▶ What needs to be done
What is needed is an exact copy of the line where "E. Mulready était" appears plus every later line in the material.

▶ Data shown

##############################

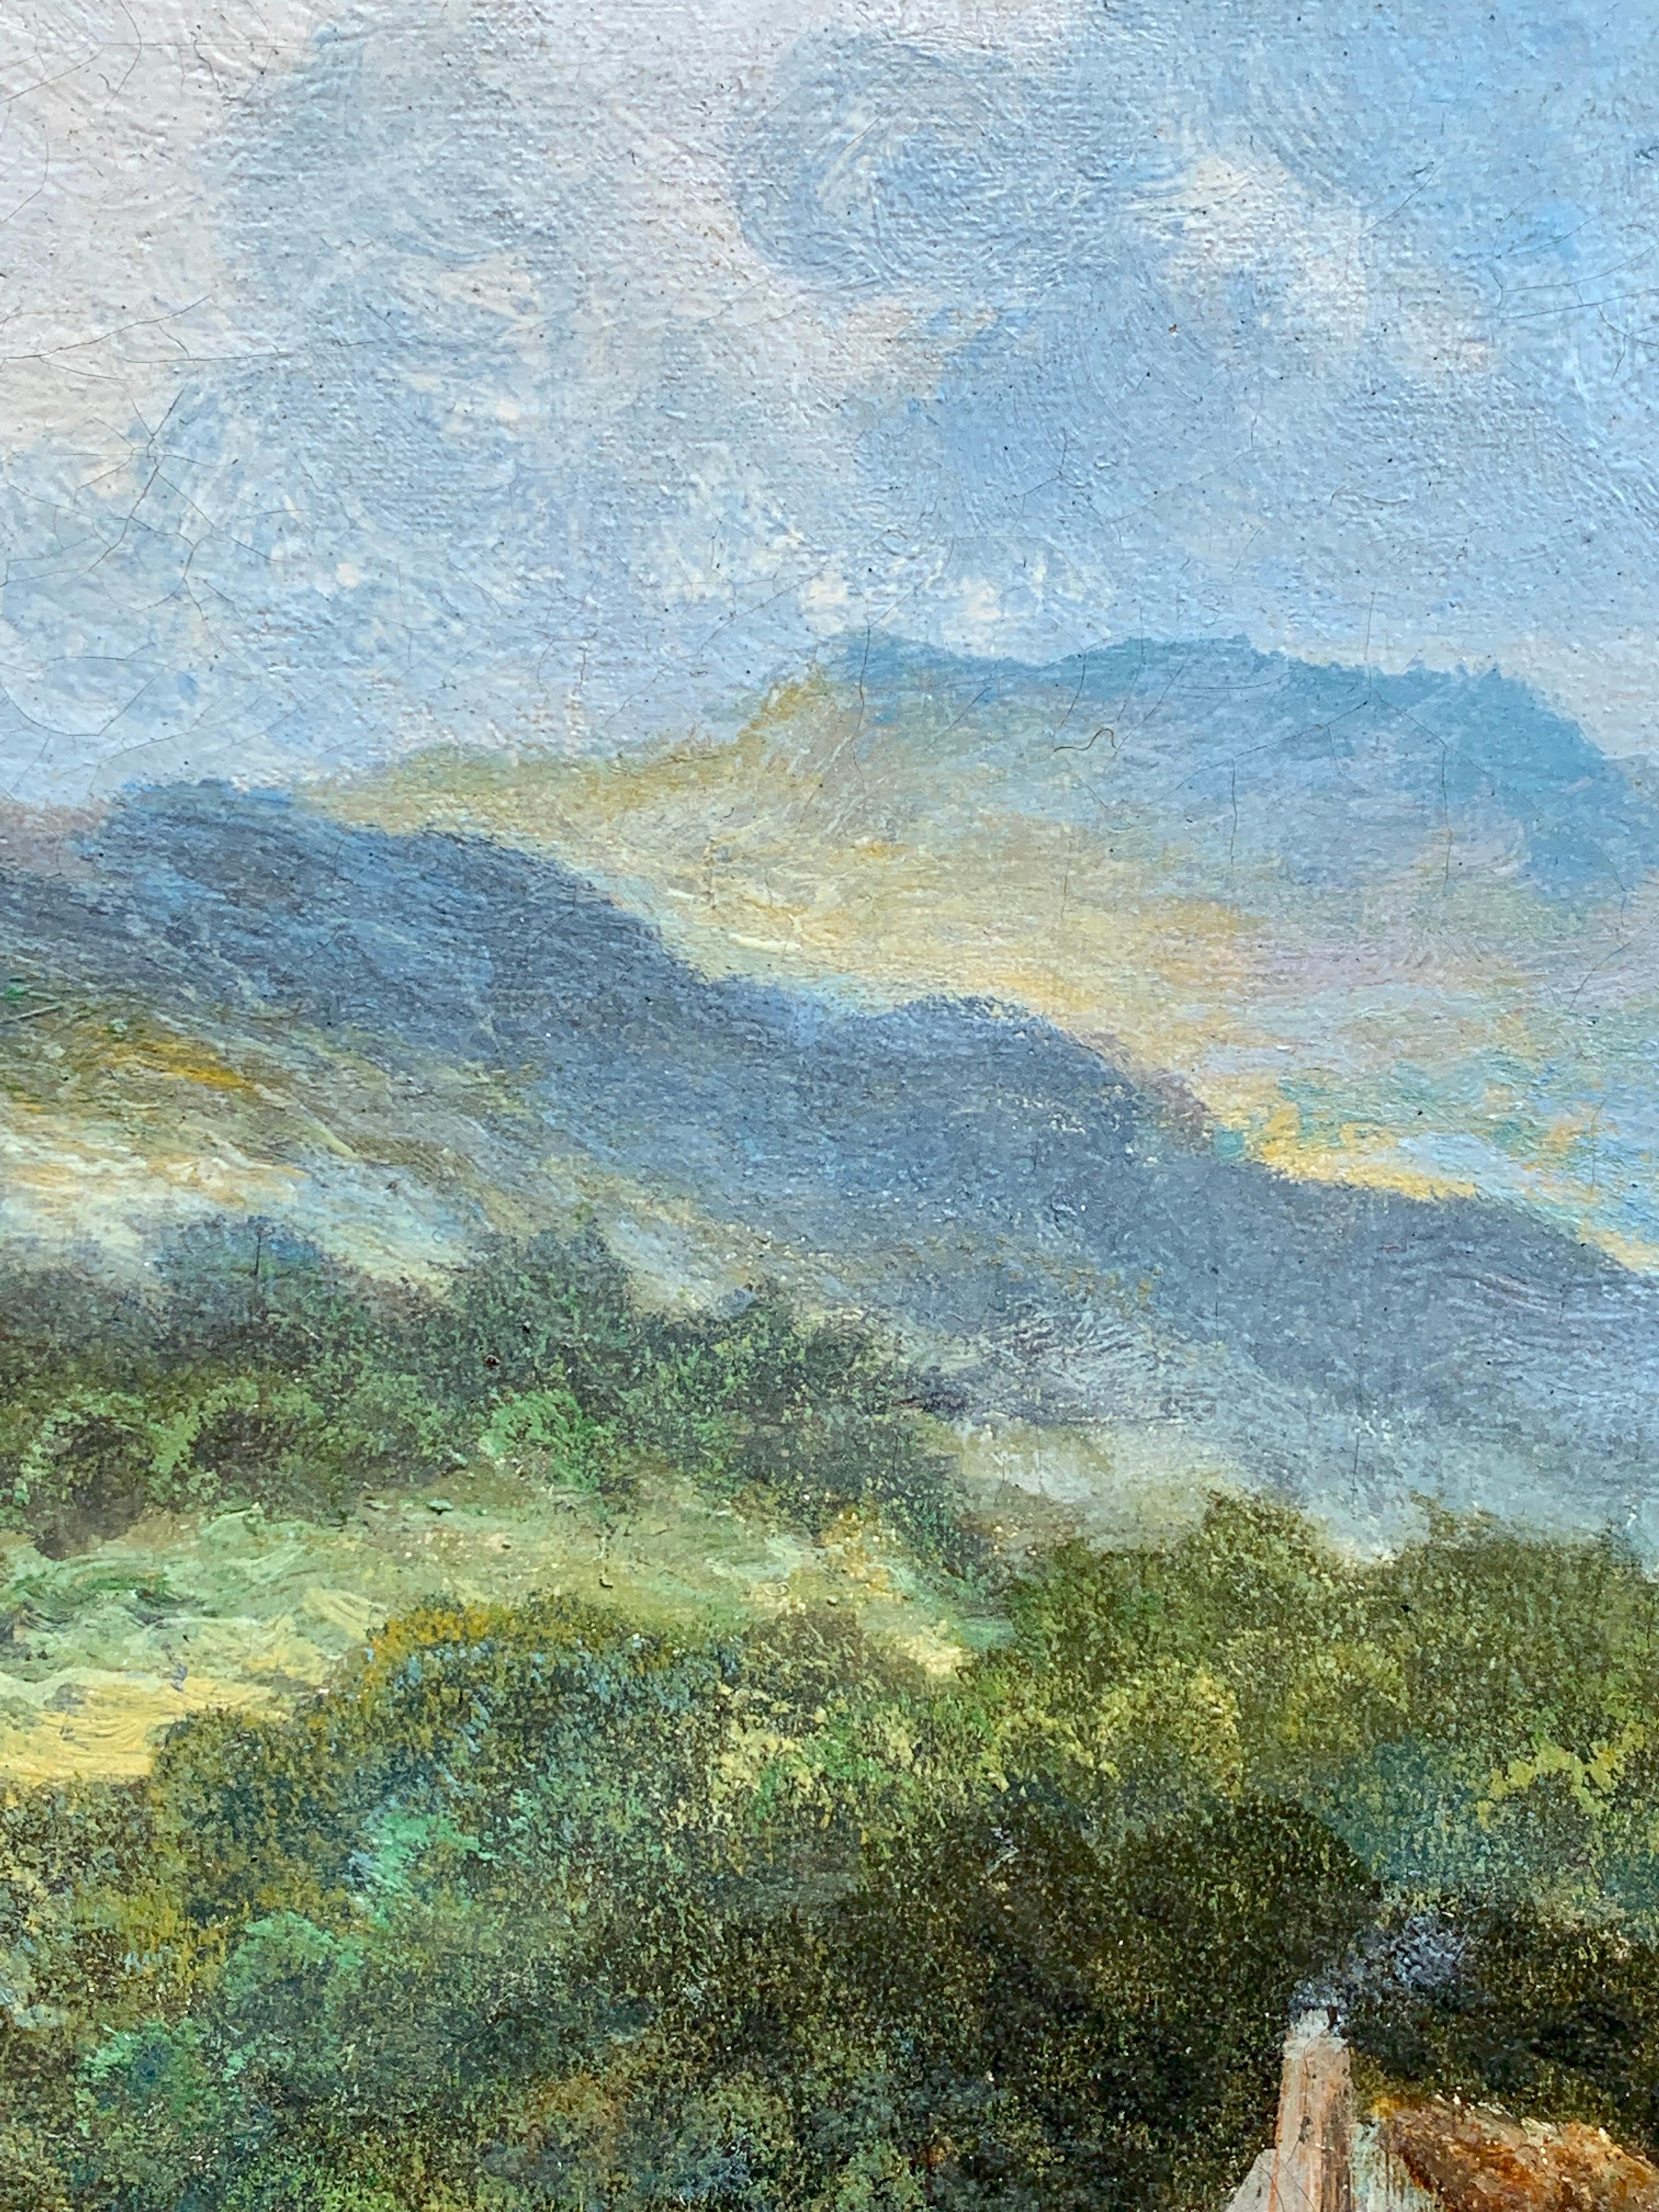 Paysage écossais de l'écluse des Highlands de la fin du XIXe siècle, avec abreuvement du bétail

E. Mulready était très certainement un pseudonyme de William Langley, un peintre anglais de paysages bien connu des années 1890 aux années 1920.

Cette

##############################

▶ Result of this task
E. Mulready était très certainement un pseudonyme de William Langley, un peintre anglais de paysages bien connu des années 1890 aux années 1920.

Cette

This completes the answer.